According to the latest studies, including a research published in the journal Cancer Epidemiology, Biomarkers & Prevention, breast cancer probability can be predetermined through the use of the sequencing data of the genomes. With the advent of the discovered genetic alterations in cancerous breast cells, it can provide a good opportunity to identify the risk of a woman’s genetic history in acquiring the disease. In a much wider perspective, genomic sequencing can lead the way to the prevention of breast cancer.
In a statement given by a Stanford epidemiology professor, Dr. Weiva Sieh, M.D.Ph.D., “The framework of our study was to ask how useful genome sequencing would be for targeting breast cancer prevention, assuming that genome sequencing were affordable and could be performed on every girl at birth.” She further added, “In the best case scenario, we found we would be able to identify 70 percent of all future cases by targeting the top 25 percent of women [at risk].”
This study has been pursued through the combined efforts of Dr. Sieh and another Stanford professor Alice Whittemore. It involves looking at the chain of connections between 86 various variants of genes and the risk of having breast cancer. The samples were taken from a pool of tens of thousands of women.
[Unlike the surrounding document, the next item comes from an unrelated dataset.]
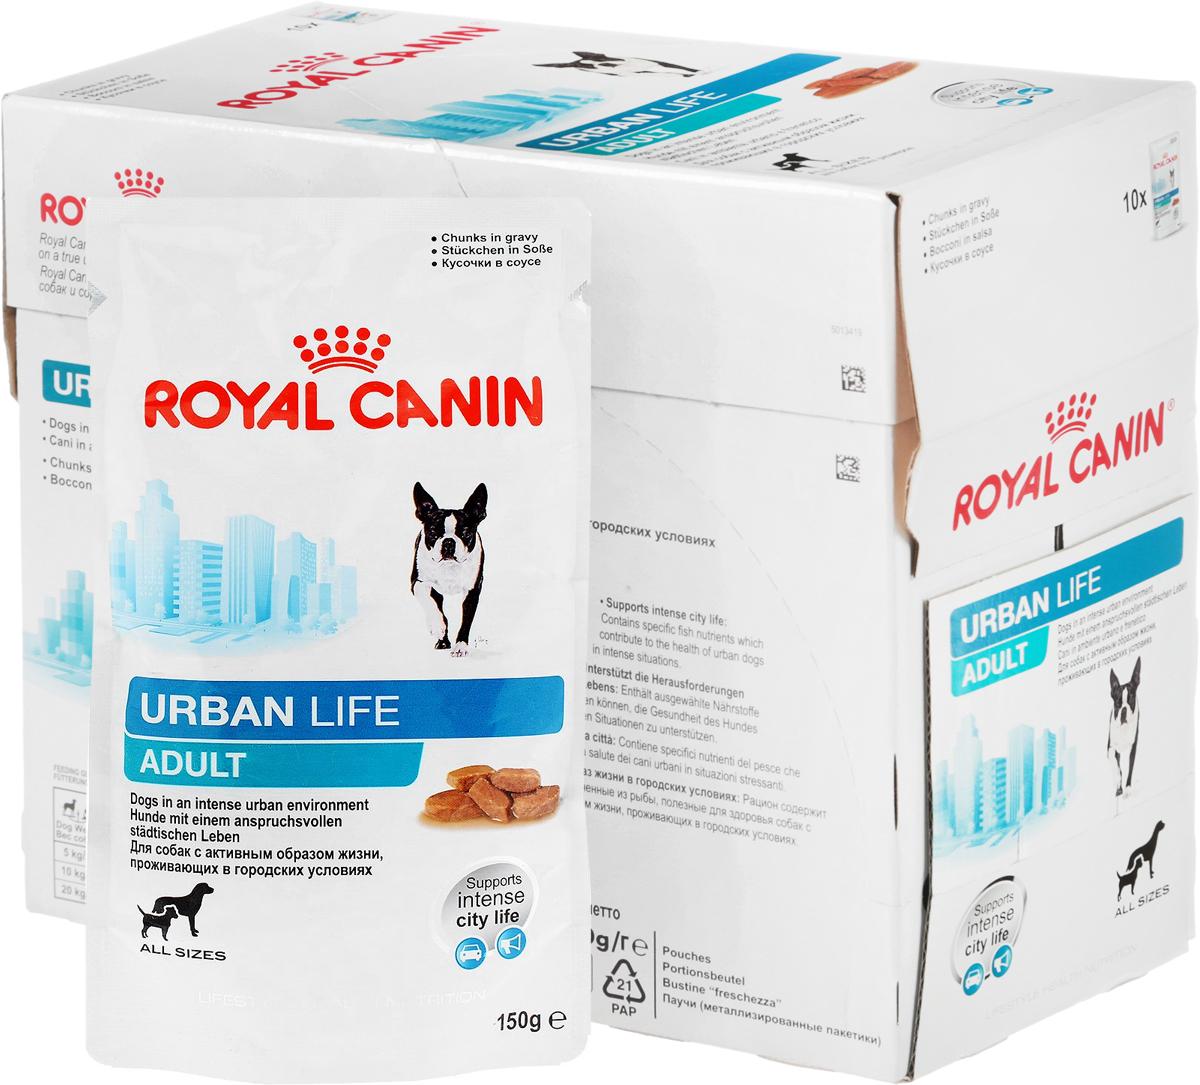 Консервы Royal Canin Urban Life Adult, для взрослых собак, живущих в городских условиях, мелкие кусочки в соусе, 150 г, 12 шт57332Консервы Royal Canin Urban Life Adult - это полнорационный корм для взрослых собак (весом менее 44 кг) в возрасте от 10-15 месяцев, живущих в городских условиях. Поддержка в городской среде. Собаки, живущие в городе, подвержены воздействию загрязненной окружающей среды, связанному с оксидативным стрессом. Urban Life Adult содержит уникальный комплекс антиоксидантов, помогающий собакам, живущим в городе, справляться с оксидативным стрессом, вызванным загрязнением окружающей среды. Продукт содержит ценные питательные вещества из рыбного сырья, которые также способствуют поддержанию здоровья городской собаки, часто сталкивающейся со стрессовыми ситуациями (городской шум, скопления людей, автомобильное движение).Поддержание жизненных сил. Содержание питательных веществ и энергии в продукте подобраны таким образом, чтобы сохранить здоровье собаки в насыщенной городской среде. В составе продукта присутствуют вещества, необходимые для обеспечения нормальной работы нервной системы. Состав: мясо и мясные субпродукты, злаки, экстракты белков растительного происхождения, масла и жиры, субпродукты растительного происхождения, минеральные вещества, рыба и рыбные субпродукты, источники углеводов, дрожжи.Добавки (в 1 кг): Витамин D3: 156 ME, Железо: 12 мг, Йод: 0,35 мг, Медь: 2,8 мг, Марганец: 3,7 мг, Цинк: 37 мг.Содержание питательных веществ: Белки: 7,5%, Жиры: 5%, Минеральные вещества: 1,4%, Клетчатка пищевая: 1%, Влажность: 79%.Товар сертифицирован.

Making use of a statistical computer model, they were able to calculate the probability a woman who can eventually get breast cancer.
The results of this study will yield advantageous outcomes in how breast cancer prevention is being put to action. First, genetic sequencing can be used to pinpoint which women would have the greater need to undergo breast cancer screening procedures like mammography. To add on, it can also aid potential women, who have been identified as high risk for breast cancer, to avoid non-genetic factors such as doing lifestyle and diet modifications to minimize the risk of progressing into malignancy.
“One of our main messages is that women who are at high risk have the most to gain from modifying lifestyle factors like maintaining a healthy weight or limiting alcohol and smoking. The protective effects of these healthy behaviors are multiplicative,” said Sieh.
Further, Sieh stated that once the culprit genes responsible for increasing the risk of breast cancer is identified, the computer model can estimate the occurrence of future cases by as much as 70 percent.
People who are suspected to be high risk for breast cancer and those who already have the disease can make beneficial use out of genome sequencing. However, the researchers still believe that genome sequencing will not serve as the final verdict on the risk factor of the disease.